Ronda en la fuente

Ronda en la fuente

(Rob Escobar)

La luz de la luna y la de los faroles le daban una apariencia de oro a mi placa de policía municipal. De las catorce a las veintiuna horas estaba destacado en los alrededores de la fuente del parque central. La alta temperatura que parecía derretir a la luna, más el tedio a causa de ninguna novedad, se había apoderado de mi frente coronada por la gorra debajo de la cual brotaba un sudor que bien pudo alcanzar para rebalsar aquel manantial. Pero no era preciso echar más agua, ya rebalsaba por un chiquillo de unos tres años que rebosante agitaba el agua con su diminuto cuerpo. Su rostro era el recuerdo de los ángeles de la Capilla Sixtina, aunque con un poco menos de carne en sus pómulos, un poco más de rojo tropical sobre sus medianos labios y unos centímetros más en su ondulado cabello. Pensé fugazmente que se trataba de uno de los ángeles desprendido de la urna del santo entierro que recién finalizaba su apenado periplo.
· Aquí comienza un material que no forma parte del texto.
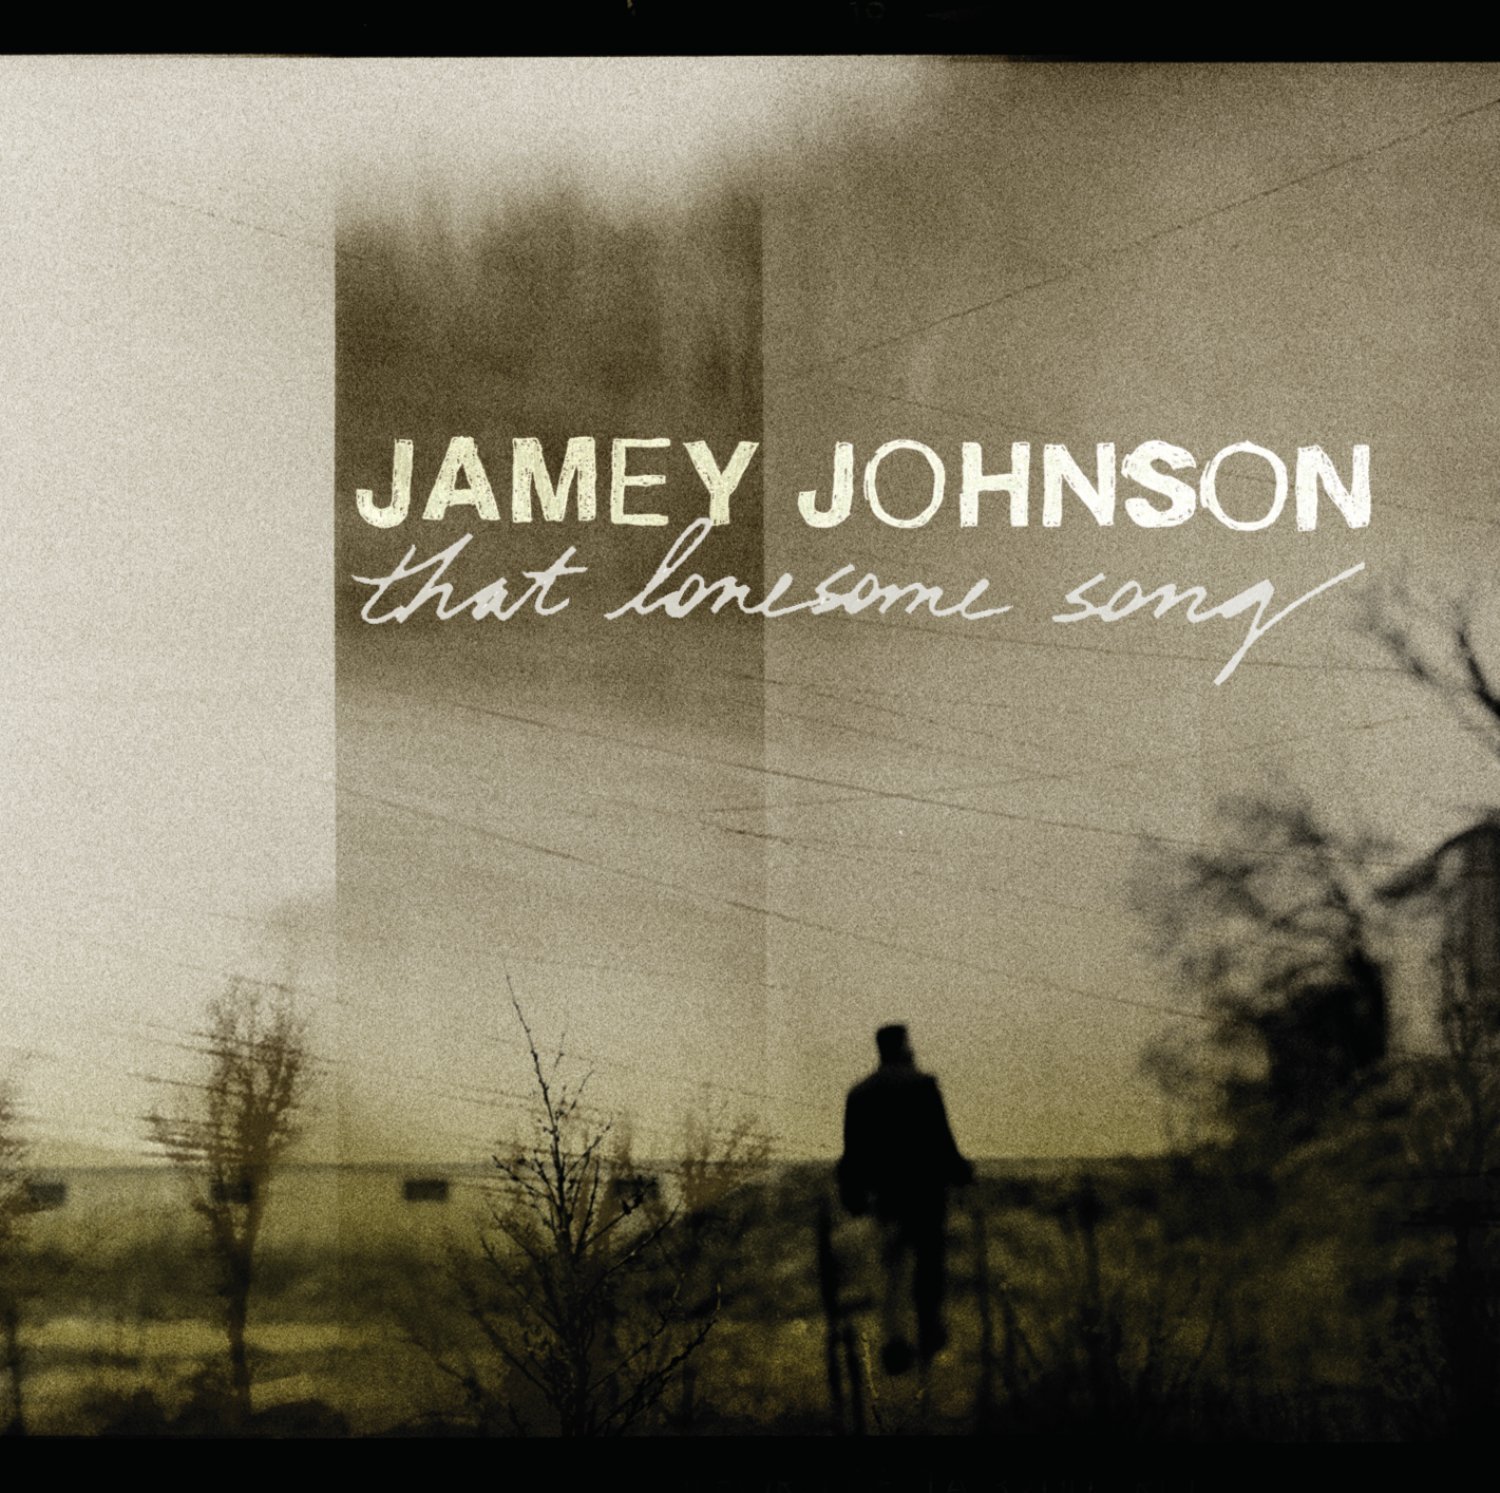 Jamey Johnson - That Lonesome Song [Vinyl] - Amazon.com Music

Sin duda el juego de las luces de contrapicado y las sombras de la fuente traicionaron mi vista. Juro, por mi generoso sentido común, que en algún momento le vi unas cortas alas que parecían helechos.

Cerca de la fuente frente al templo, al tiempo que la feligresía coreaba el último canto que caía como dardo en sus obstinados corazones, escuché sollozos de mujeres que consolaban a otra que se descomponía en un llanto descontrolado y sazonado de gritos. El ruidoso público preguntando como seca matraca sobre la causa de su llanto me impidió certificar si lloraba por el crucificado recién enterrado santamente. No presté más atención por volver a mis funciones y decidí no sacar al chiquillo del espacio público por dos razones. Primero porque lo vi gozando y para mí el gozo sincero e inocente no contraviene ninguna ley. Su presencia llenaba con aroma de nardo todo el ambiente y era muy gracioso. Hacía gorgoritos contra el cielo que luego caían en una lluvia de perlas que tragaba a boca llena. Improvisó barcos con hojas secas y con botellas plásticas de refresco. En definitiva, a través de él vibraba la felicidad y a través de esa fuente vibraba un alegre mar. Segundo: yo andaba sin dinero y sin esperanzas de horas extra por mi régimen laboral y frente a mí, debajo de los pies arrugados del chiquillo, vi monedas con las que me propuse recuperar la fertilidad de mis bolsillos.

Aunque eran pocas me agradó pensar que el precio de las monedas en una fuente no es la del metal sino el del valor que representan los deseos por las que fueron lanzadas. Creo que en cada fuente cabe todo el universo, estoy seguro que en toda fuente duerme el universo y mientras duerme frescamente escucha como en sueño los sueños, los deseos y los secretos de quienes lanzan monedas con sinceridad.

Cuando el reloj de la iglesia parecía recordar once veces la longitud de la noche en un ambiente de 33°C que me embotaba toda voluntad y la luna seguía derramando su cobertura de oro sobre mi placa, al escamoteo para que no me denunciaran, pedí al chiquillo que recogiera las monedas y me las entregara, a la vez que fingí jugar con él. Una y otra vez repetí mi petición y mi disimulo, pues el muchachito se desconcentraba ligeramente con sus improvisados juguetes.

Logré reunir para el desayuno del siguiente día y para una recarga de saldo de mi teléfono móvil. Mientras contaba el dinero los llantos incesantes acabaron. Al dirigirme al niño para ofrecerle papas fritas en recompensa por su labor, solamente encontré juguetes a la deriva en una ondeante y silenciosa fuente. A lo lejos puede observar una nueva procesión que con algarabía seguía a una mujer de ropas empapadas que llevaba en brazos a un niño, mientras la luna le robaba el brillo a mi placa al ocultarse por un instante tras una espesa nube y fue como si la noche me guiñara su ojo en señal de complicidad.